Data extract:
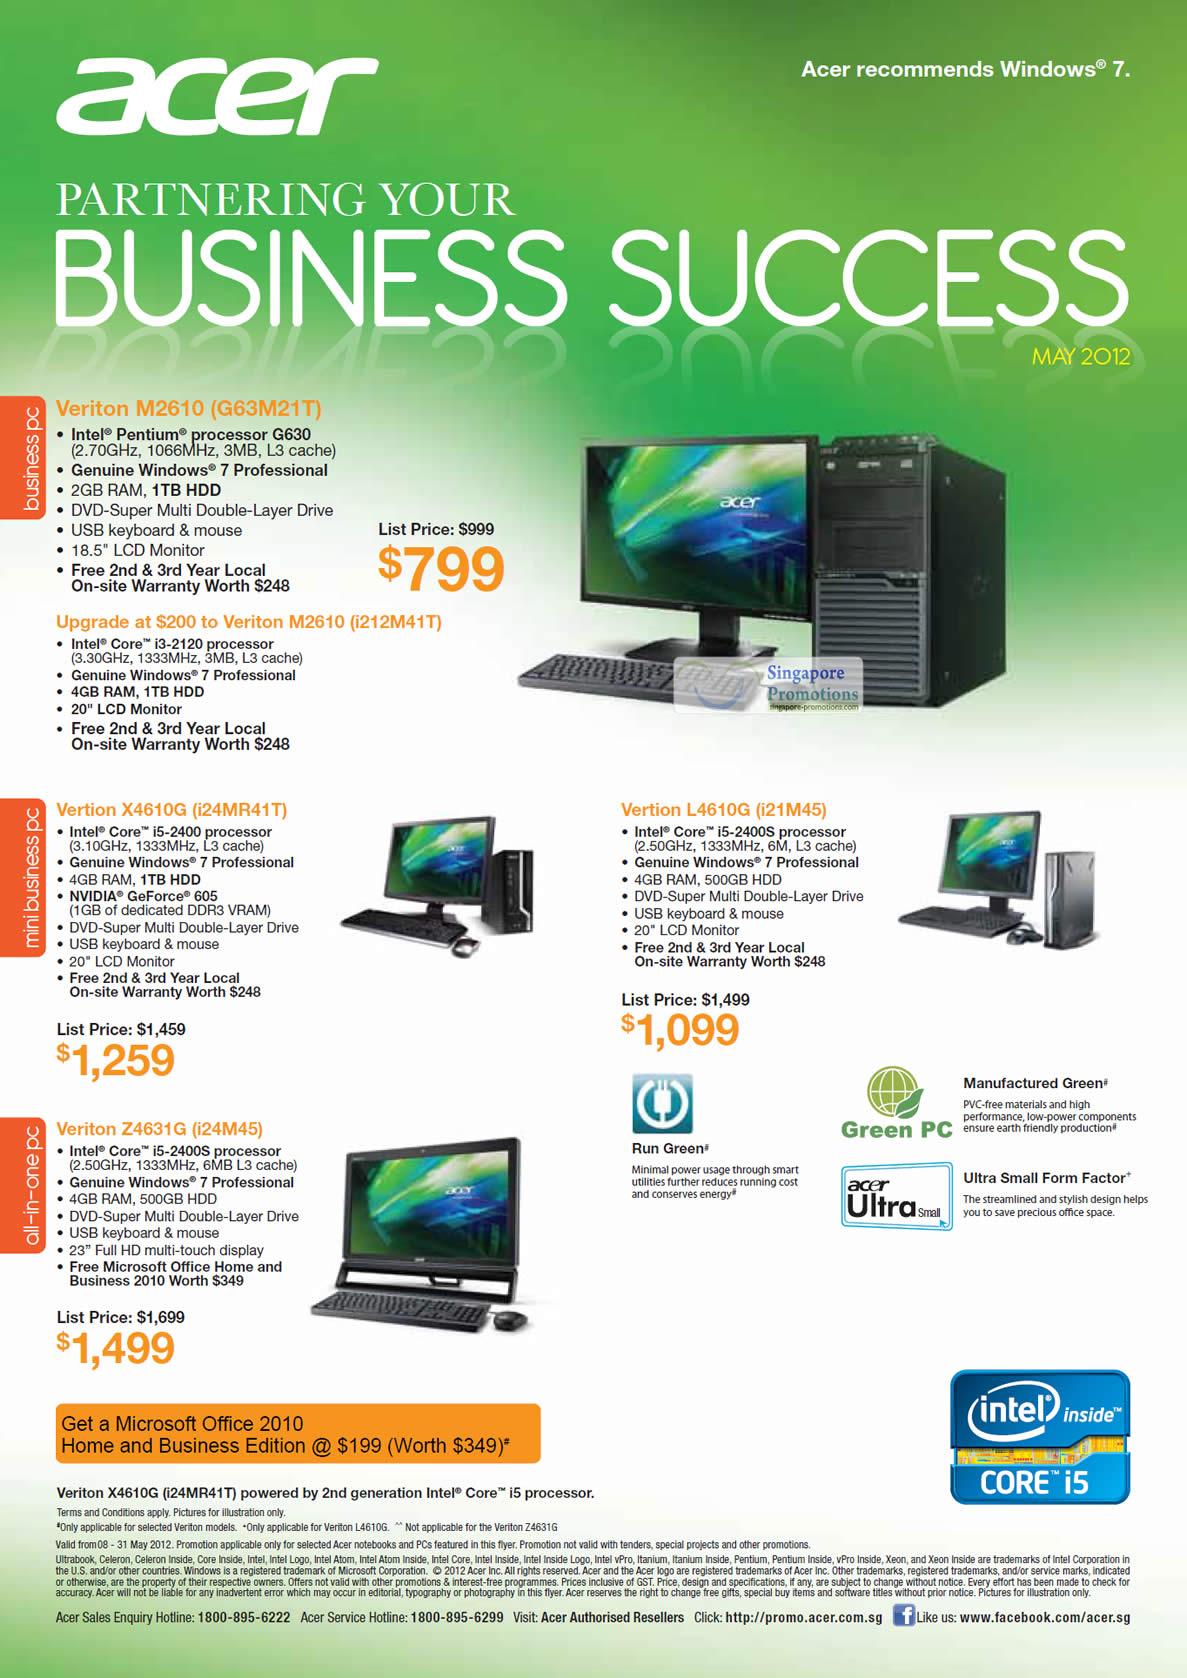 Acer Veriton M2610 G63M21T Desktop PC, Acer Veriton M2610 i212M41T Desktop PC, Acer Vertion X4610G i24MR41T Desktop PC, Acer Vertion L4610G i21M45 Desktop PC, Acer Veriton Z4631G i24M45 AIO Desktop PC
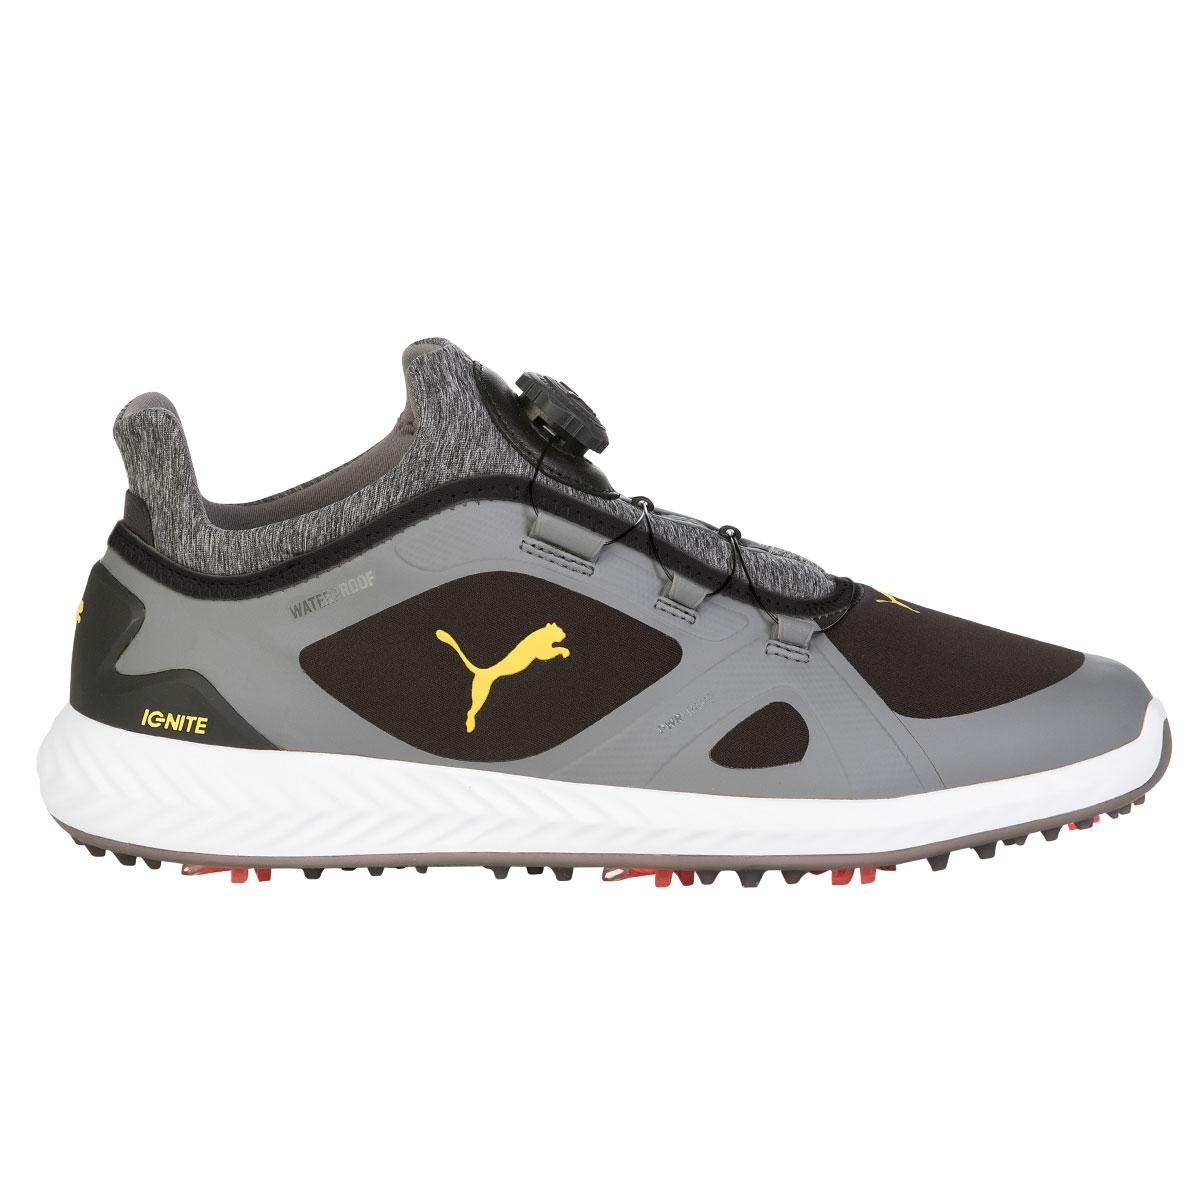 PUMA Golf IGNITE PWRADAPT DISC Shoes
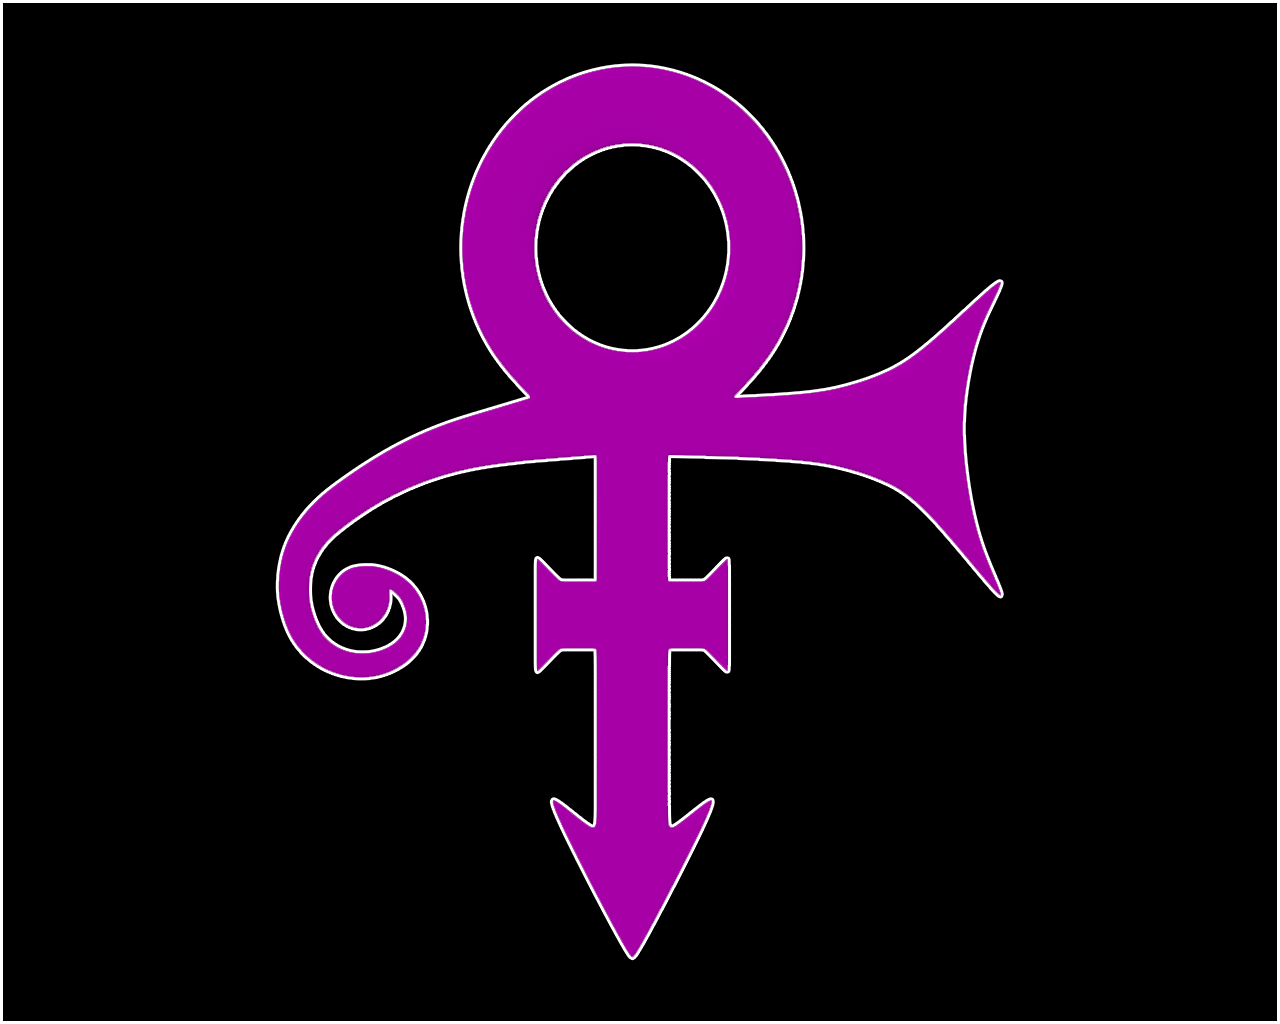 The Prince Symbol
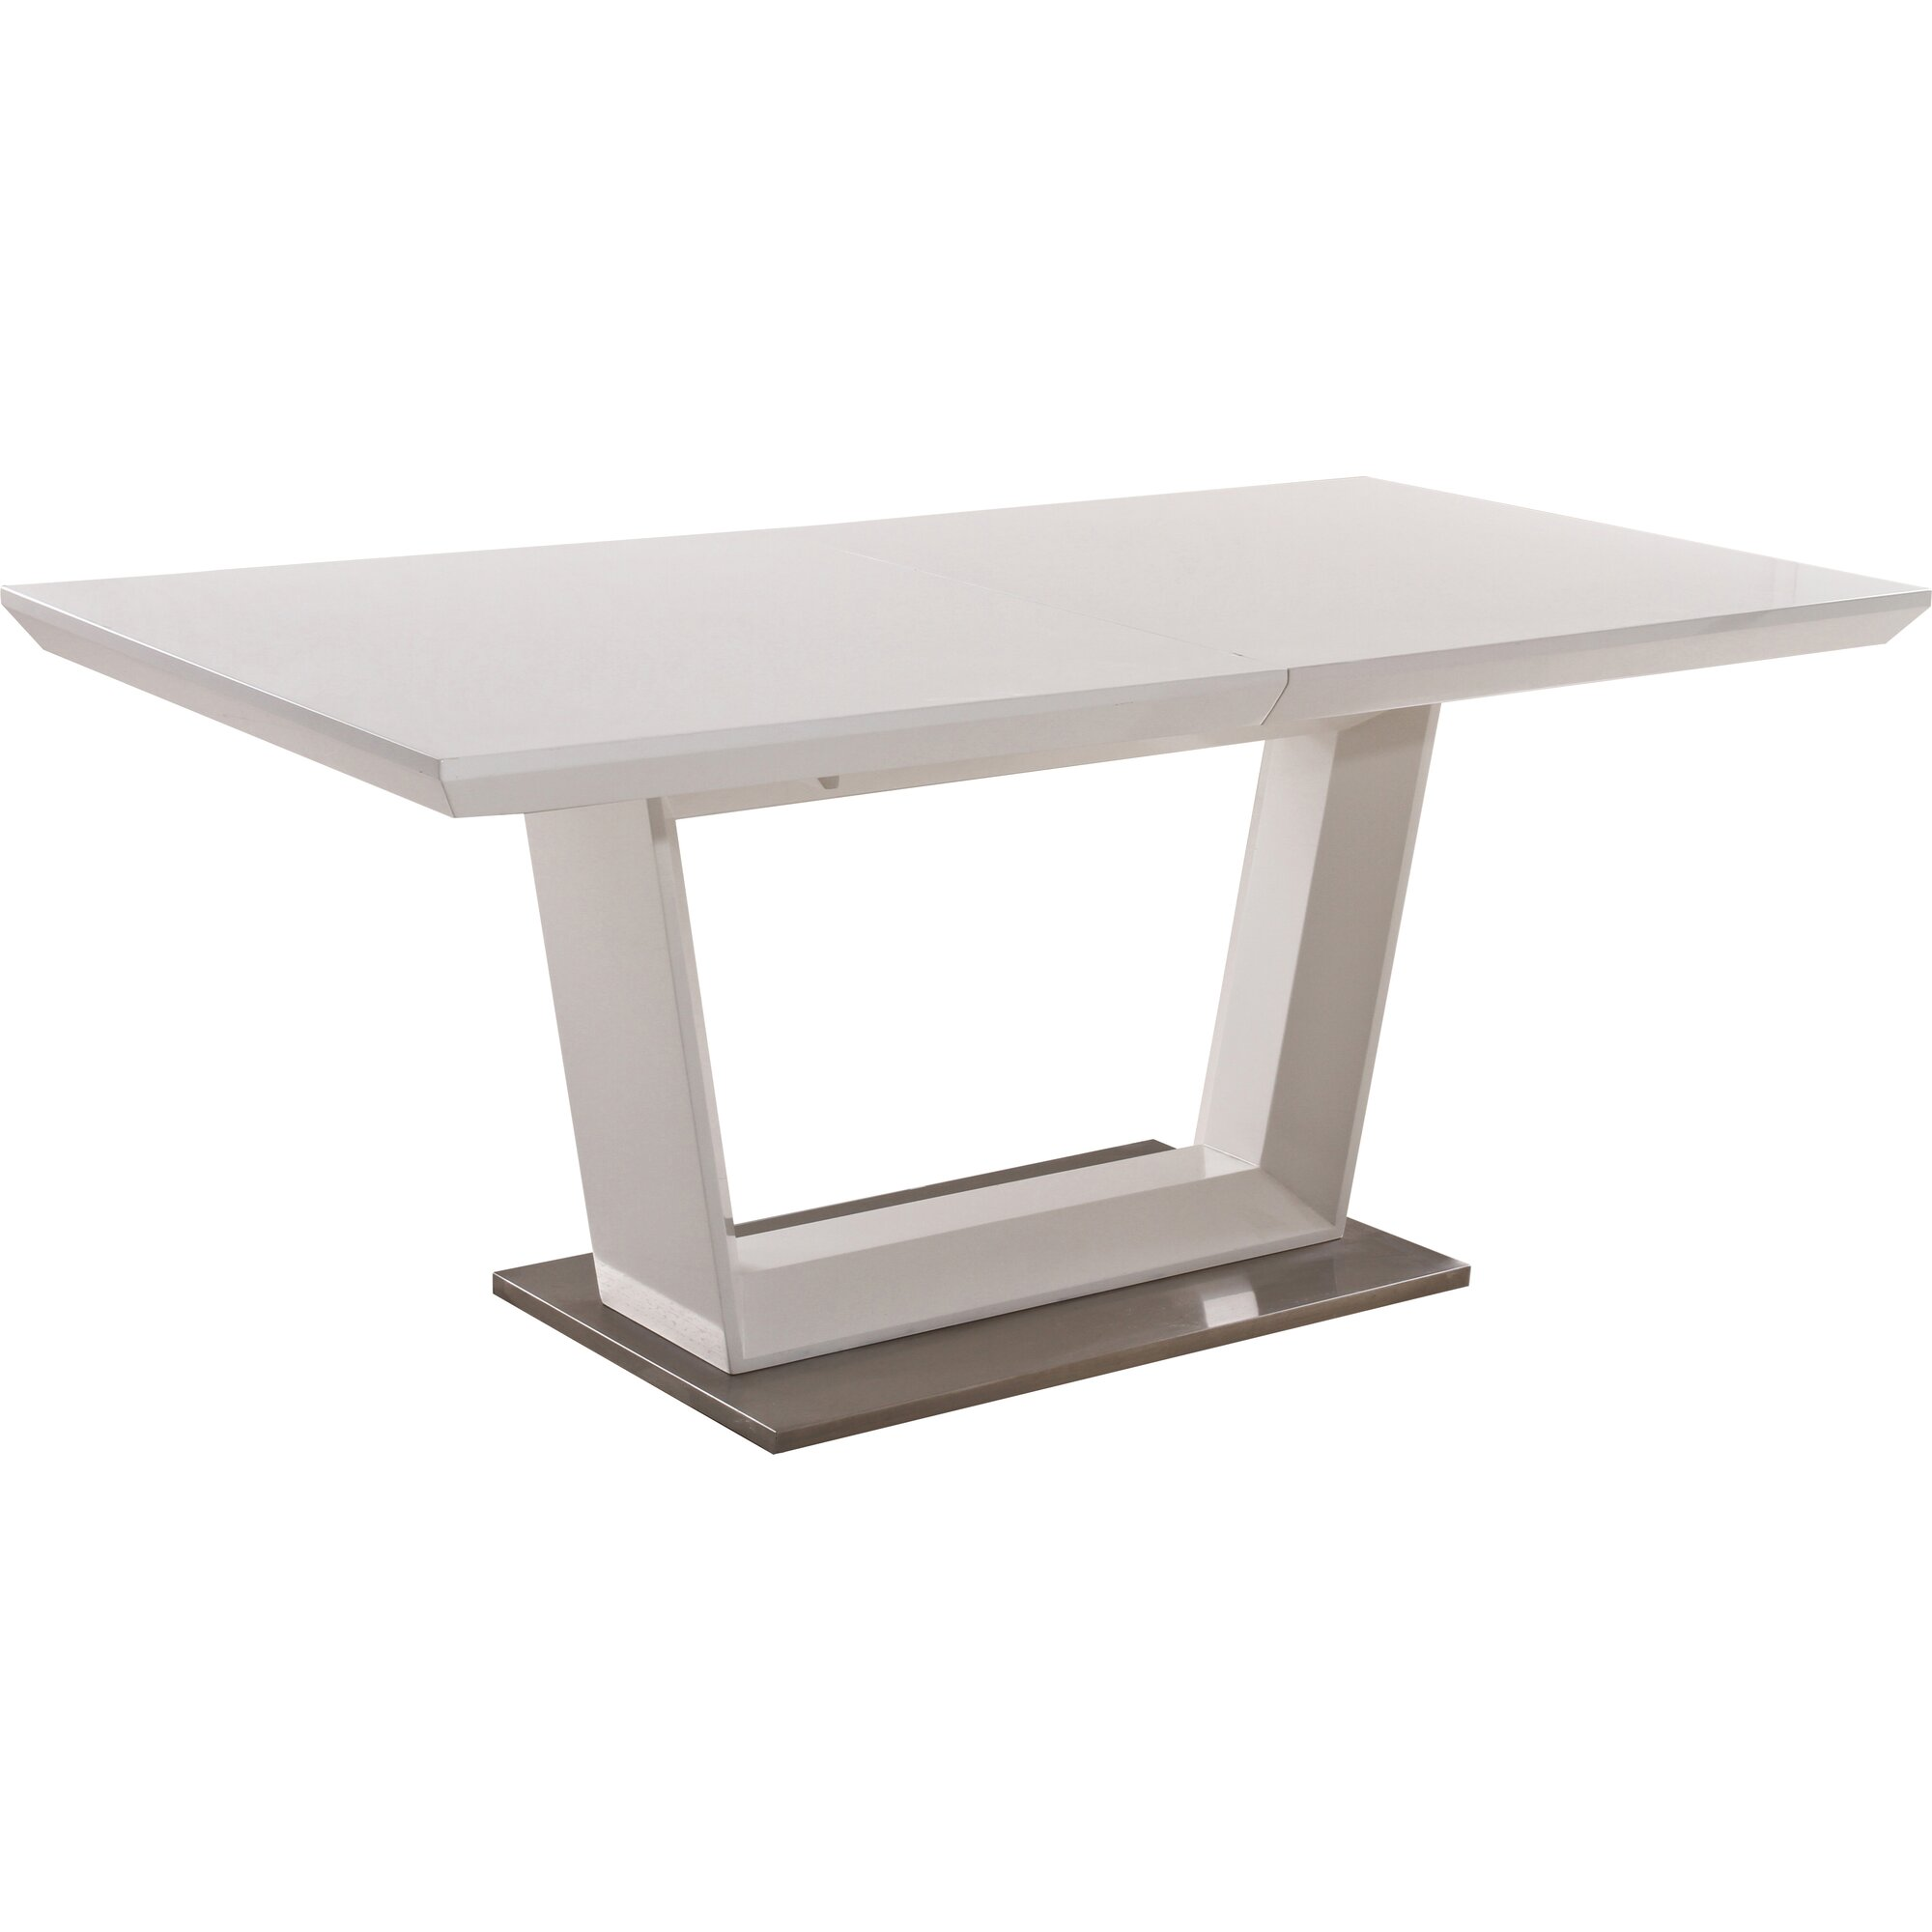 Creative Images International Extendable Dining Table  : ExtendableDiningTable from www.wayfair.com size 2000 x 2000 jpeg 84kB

Task item:
Retype the data above exactly. Leave the pictures out.

Response to the task:
 Acer Veriton M2610 G63M21T Desktop PC, Acer Veriton M2610 i212M41T Desktop PC, Acer Vertion X4610G i24MR41T Desktop PC, Acer Vertion L4610G i21M45 Desktop PC, Acer Veriton Z4631G i24M45 AIO Desktop PC
 PUMA Golf IGNITE PWRADAPT DISC Shoes
 The Prince Symbol
 Creative Images International Extendable Dining Table  : ExtendableDiningTable from www.wayfair.com size 2000 x 2000 jpeg 84kB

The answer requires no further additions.